### Work request
Exact copy, pictures excluded: set down only the lines from the one with "Huawei Mate 20 Pro - front and back" through the end of the entries, keeping both end lines.

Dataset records
──────────
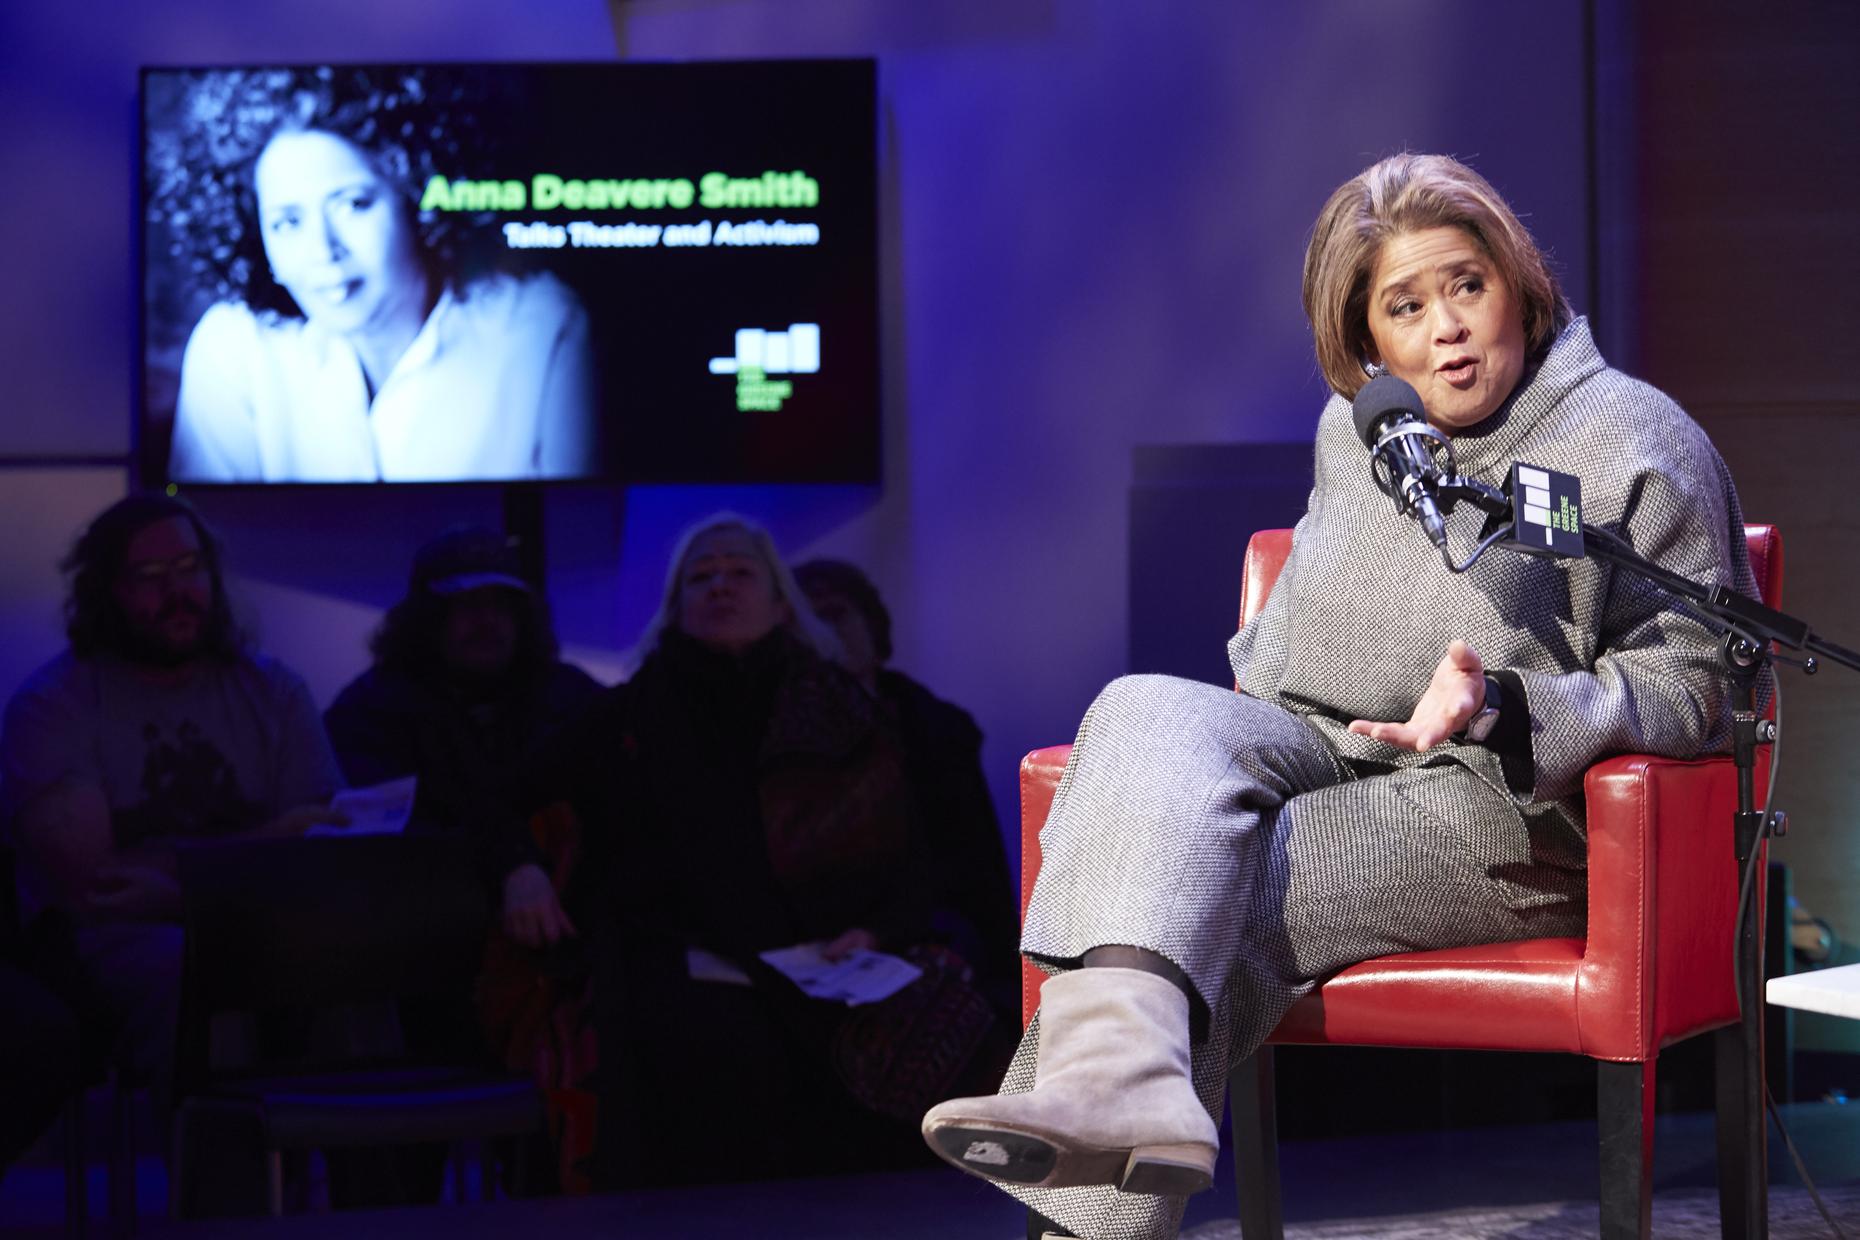 Anna Deavere Smith: ‘I’m Not an Activist. My Job Is to Present Multiple Points of View.’
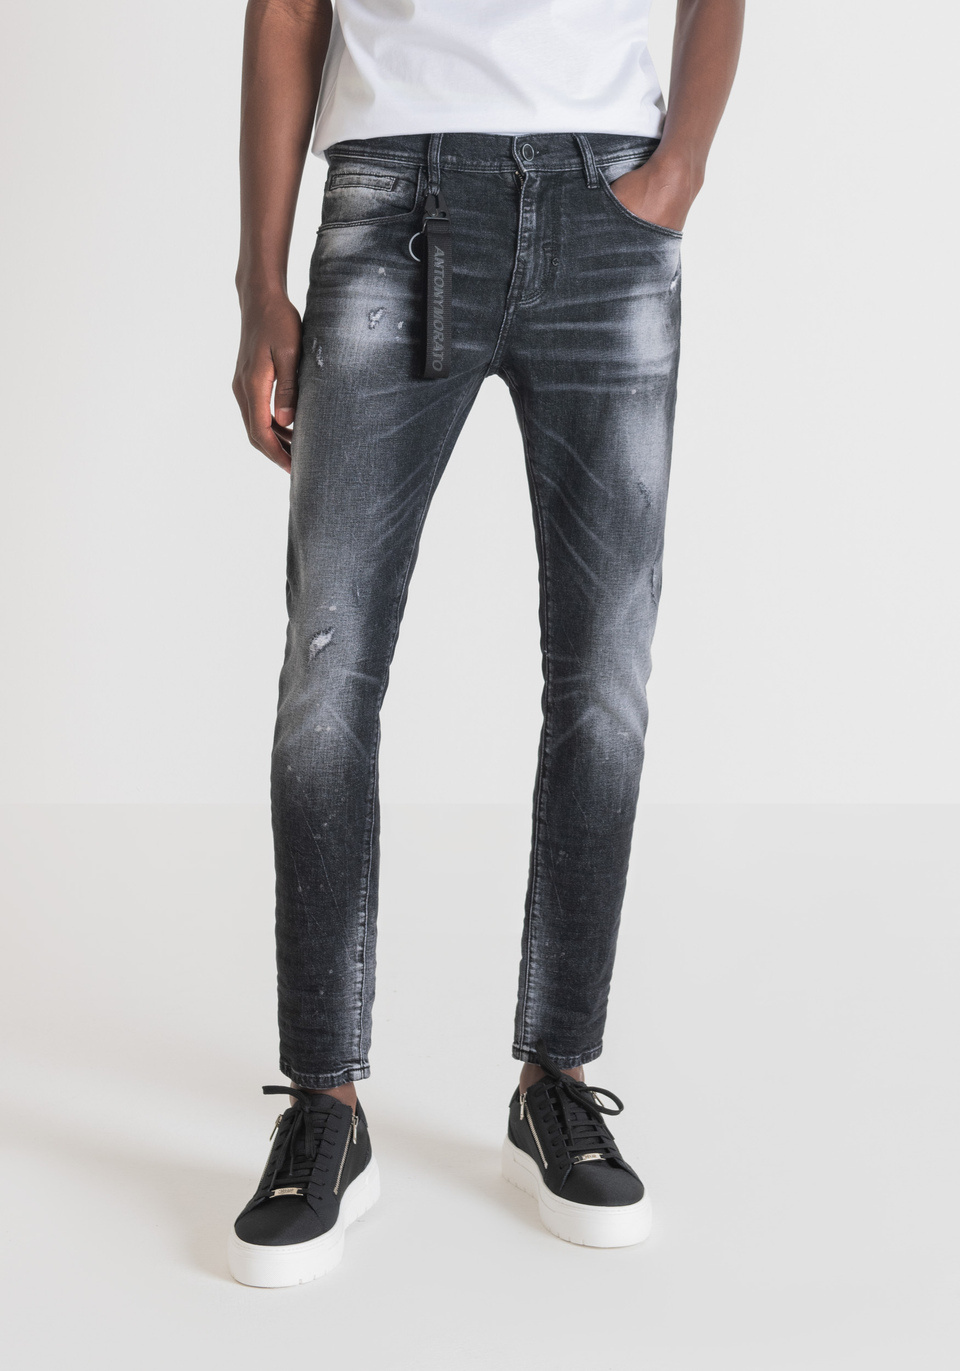 JEANS CARROT FIT „KENNY“ AUS RECYCELTEM MATERIAL - Antony Morato Online Shop
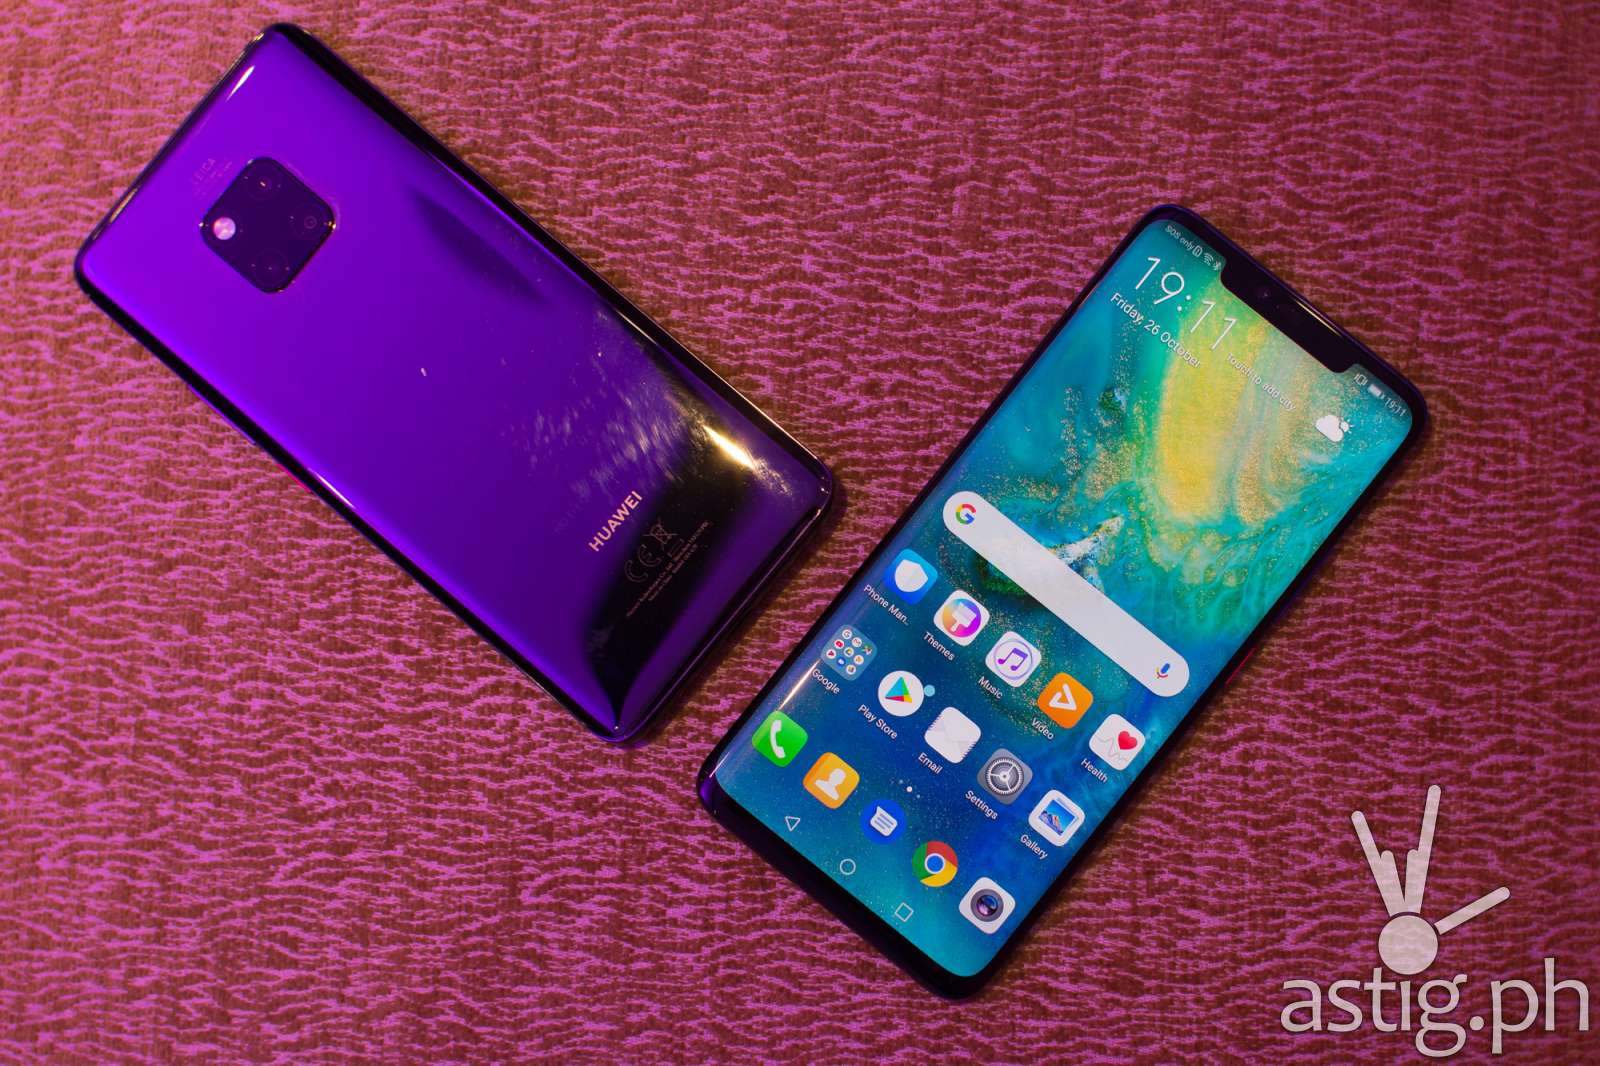 Huawei Mate 20 Pro - front and back
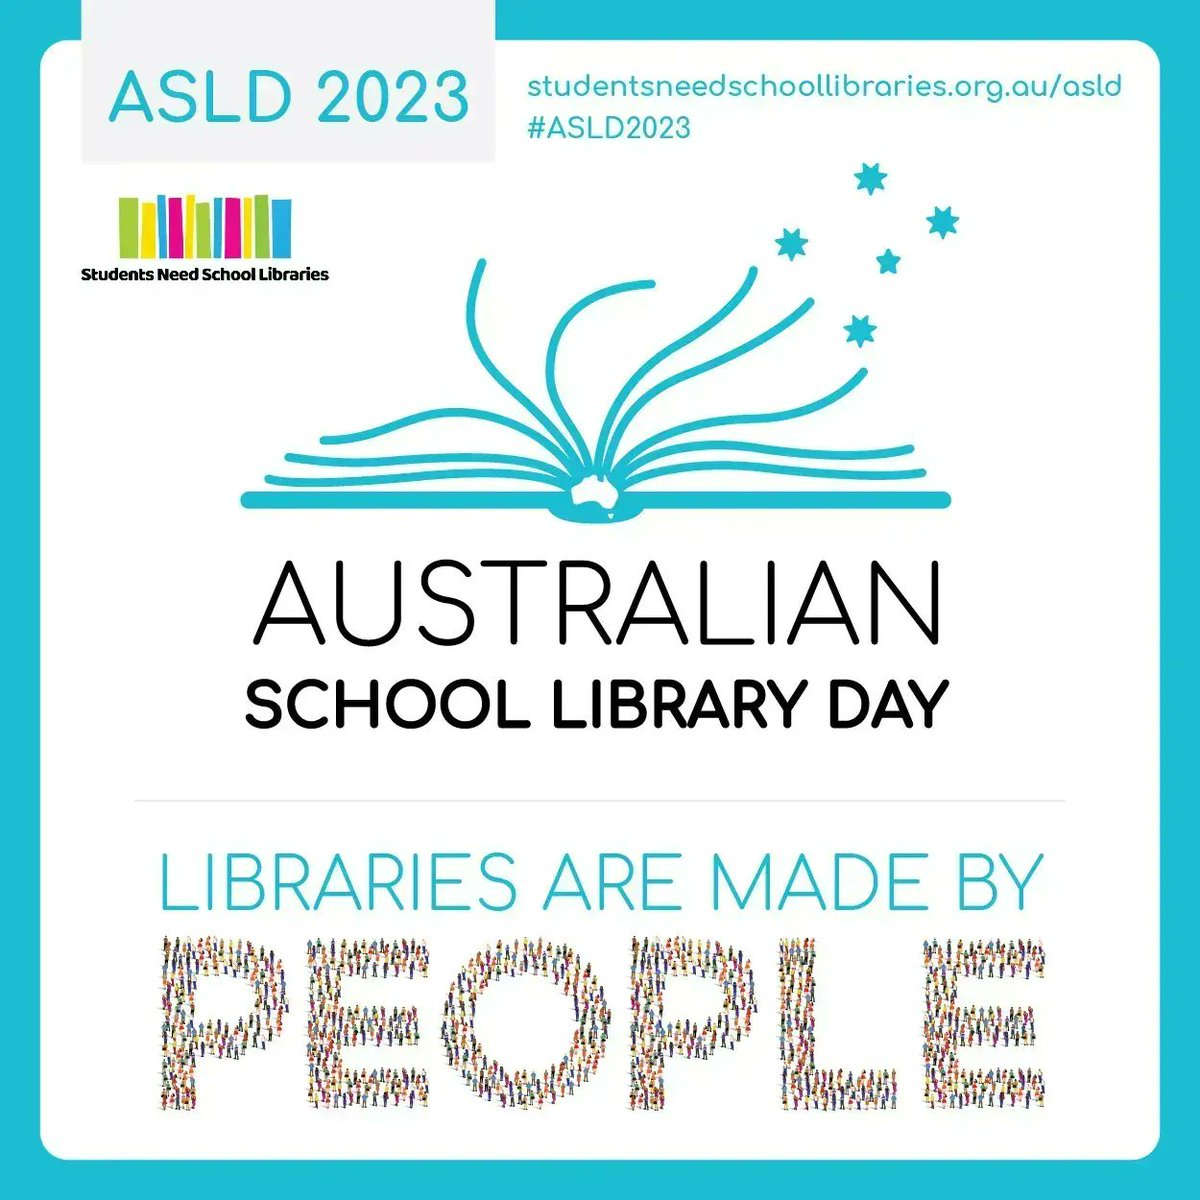 ⚡ The twitter storm hour is here! ⚡ 

Let us know how school libraries have made a difference in your life or the life of someone you know (and don't forget to use the hashtags #ASLD2023 & #StudentsNeedSchoolLibraries)
──────────
### Output of the task
 Huawei Mate 20 Pro - front and back
 ⚡ The twitter storm hour is here! ⚡ 

Let us know how school libraries have made a difference in your life or the life of someone you know (and don't forget to use the hashtags #ASLD2023 & #StudentsNeedSchoolLibraries)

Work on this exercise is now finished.